TAFSIR QURAN DAN HADIS TABARUK'
SURAH HUD'' 18-22
BIS-MILLAH-HIRAHMAN-NIRRAHIM''
{وَمَنْ أَظْلَمُ مِمَّنِ افْتَرَى عَلَى اللَّهِ كَذِبًا أُولَئِكَ يُعْرَضُونَ عَلَى رَبِّهِمْ وَيَقُولُ الأشْهَادُ هَؤُلاءِ الَّذِينَ كَذَبُوا عَلَى رَبِّهِمْ أَلا لَعْنَةُ اللَّهِ عَلَى الظَّالِمِينَ (18) الَّذِينَ يَصُدُّونَ عَنْ سَبِيلِ اللَّهِ وَيَبْغُونَهَا عِوَجًا وَهُمْ بِالآخِرَةِ هُمْ كَافِرُونَ (19) أُولَئِكَ لَمْ يَكُونُوا مُعْجِزِينَ فِي الأرْضِ وَمَا كَانَ لَهُمْ مِنْ دُونِ اللَّهِ مِنْ أَوْلِيَاءَ يُضَاعَفُ لَهُمُ الْعَذَابُ مَا كَانُوا يَسْتَطِيعُونَ السَّمْعَ وَمَا كَانُوا يُبْصِرُونَ (20) أُولَئِكَ الَّذِينَ خَسِرُوا أَنْفُسَهُمْ وَضَلَّ عَنْهُمْ مَا كَانُوا يَفْتَرُونَ (21) لَا جَرَمَ أَنَّهُمْ فِي الآخِرَةِ هُمُ الأخْسَرُونَ (22) }

Wa man azlamu mimmanif taraa 'alal laahi kazibaa; ulaaa'ika yu'radoona 'alaa Rabbihim wa yaqoolul ashhaa duhaaa'ulaaa'il lazeena kazaboo 'alaa Rabbihim; alaa la'natul laahi alaz zaalimeen Allazeena yasuddoona 'an sabeelil laahi wa yabghoonahaa 'iwajanw wa hum bil Aakhiratihum kaafiroon Ulaaa'ika lam yakoonoo mu'jizeena fil ardi wa maa kaana lahum min doonil laahi min awliyaaa'; yudaa'afu lahumul 'azaab; maa kaanoo yastatee'oonas sam'a wa maa kaanoo yubsiroon Ulaaa'ikal lazeena khasirooo anfusahum wa dalla 'anhum maa kaanoo yaftaroon Laa jarama annahum fil Aakhirati humul akhsaroon
Dan siapakah yang lebih zalim daripada orang y ang membuat-buat dusta terhadap Allah? Mereka itu akan dihadapkan kepada Tuhan mereka, dan para saksi akan berkata Orang-orang inilah yang telah berdusta terhadap Tuhan mereka. Ingatlah, kutukan Allah (ditimpakan) atas orang-orang yang zalim, (yaitu) orang-orang yang menghalang-halangi (manusia) dari jalan Allah dan menghendaki (supaya) jalan itu bengkok. Dan mereka itulah orang-orang yang tidak percaya adanya hari akhirat. Orang-orang itu tidak mampu menghalang-halangi Allah untuk (mengazab mereka) di bumi ini, dan sekali-kali tidak adalah bagi mereka penolong selain Allah.

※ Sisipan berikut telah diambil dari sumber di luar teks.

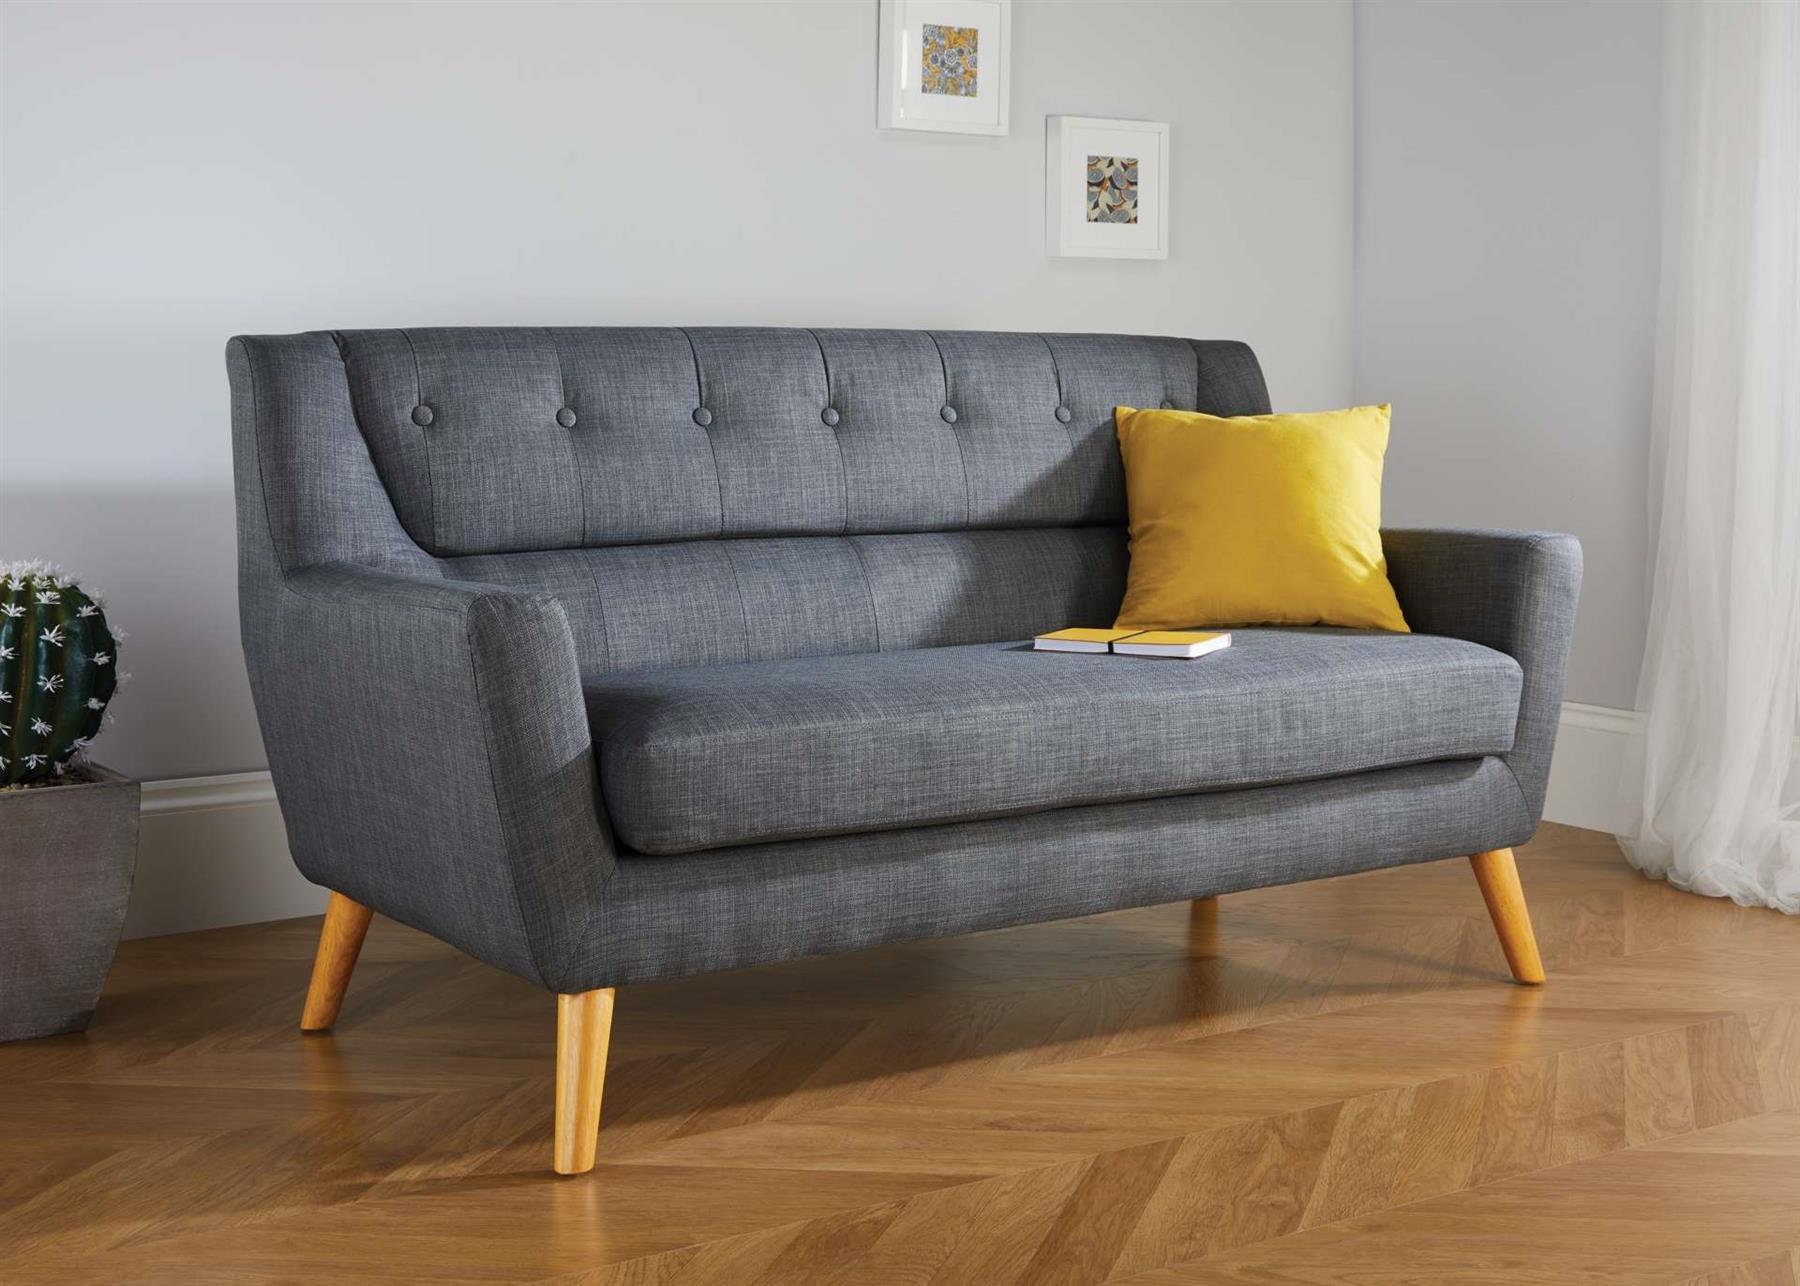 3 Seater Sofa Birlea Lambeth Settee Modern Retro Style Fabric Wood Legs

Siksaan itu dilipatgandakan kepada mereka. Mereka selalu tidak dapat mendengar (kebenaran) dan mereka selalu tidak dapat melihat (nya). Mereka itulah orang-orang yang merugikan dirinya sendiri, dan lenyaplah dari mereka apa yang selalu mereka ada-adakan. Pasti mereka itu di akhirat menjadi orang-orang yang paling merugi. Allah Swt. menerangkan keadaan orang-orang yang mendustakan-Nya, juga tentang dipermalukan-Nya mereka di hari akhirat kelak di hadapan mata kepala semua makhluk dari kalangan para malaikat, para rasul, para nabi, serta seluruh umat manusia dan jin.

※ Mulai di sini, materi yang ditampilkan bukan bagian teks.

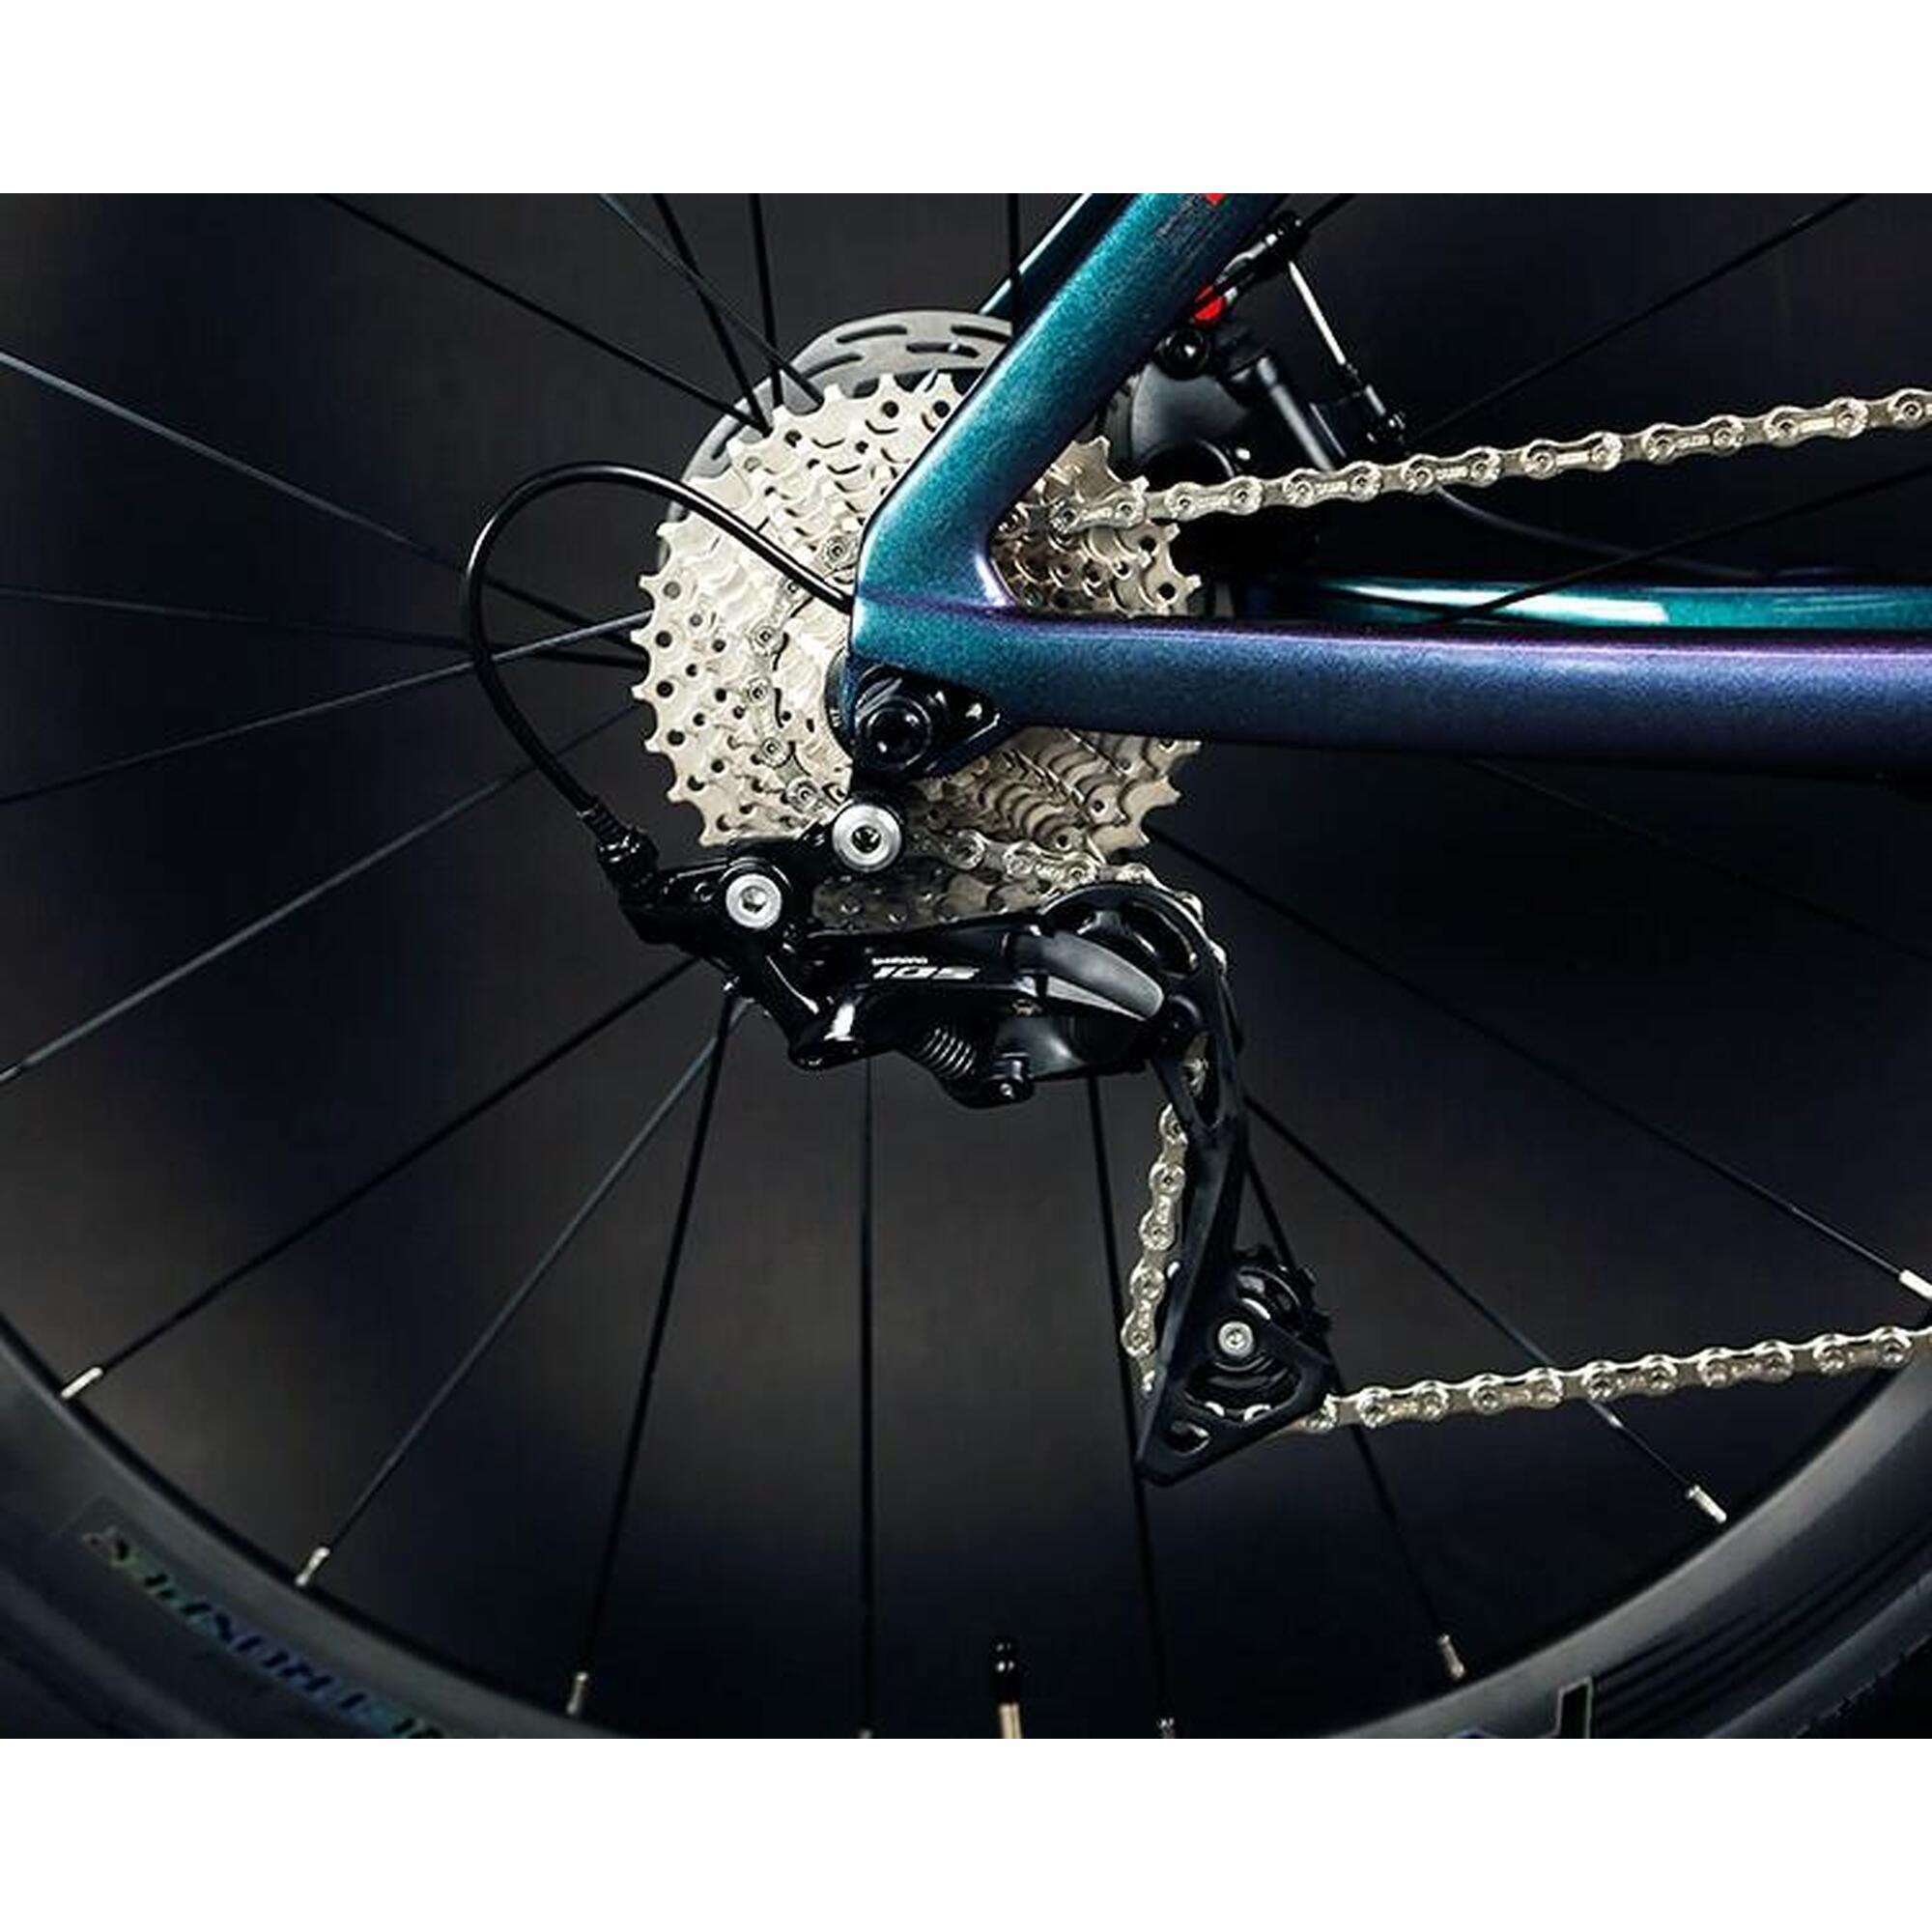 AURORA-Disc Carbon Fiber Rival-22s Road Bike - Cement Grey

 Allah menjelaskan tentang keadaan orang-orang yang mengada-adakan dusta terhadap-Nya dan mengungkapkan rahasia mereka di akhirat kelak di hadapan semua makhluk, di antaranya para Malaikat, para Rasul, Nabi, Berta seluruh bangsa manusia dan bangsa jin. Sebagaimana yang diriwayatkan oleh Imam Ahmad, dari Shafwan bin Muhriz, ia bercerita: “Aku pernah memegang tangan Ibnu ‘Umar, tiba-tiba ada seseorang yang menghadangnya. Ia berkata: ‘Apa yang kamu dengar ketika Rasulullah bersabda tentang pembicaraan rahasia pada hati Kiamat?’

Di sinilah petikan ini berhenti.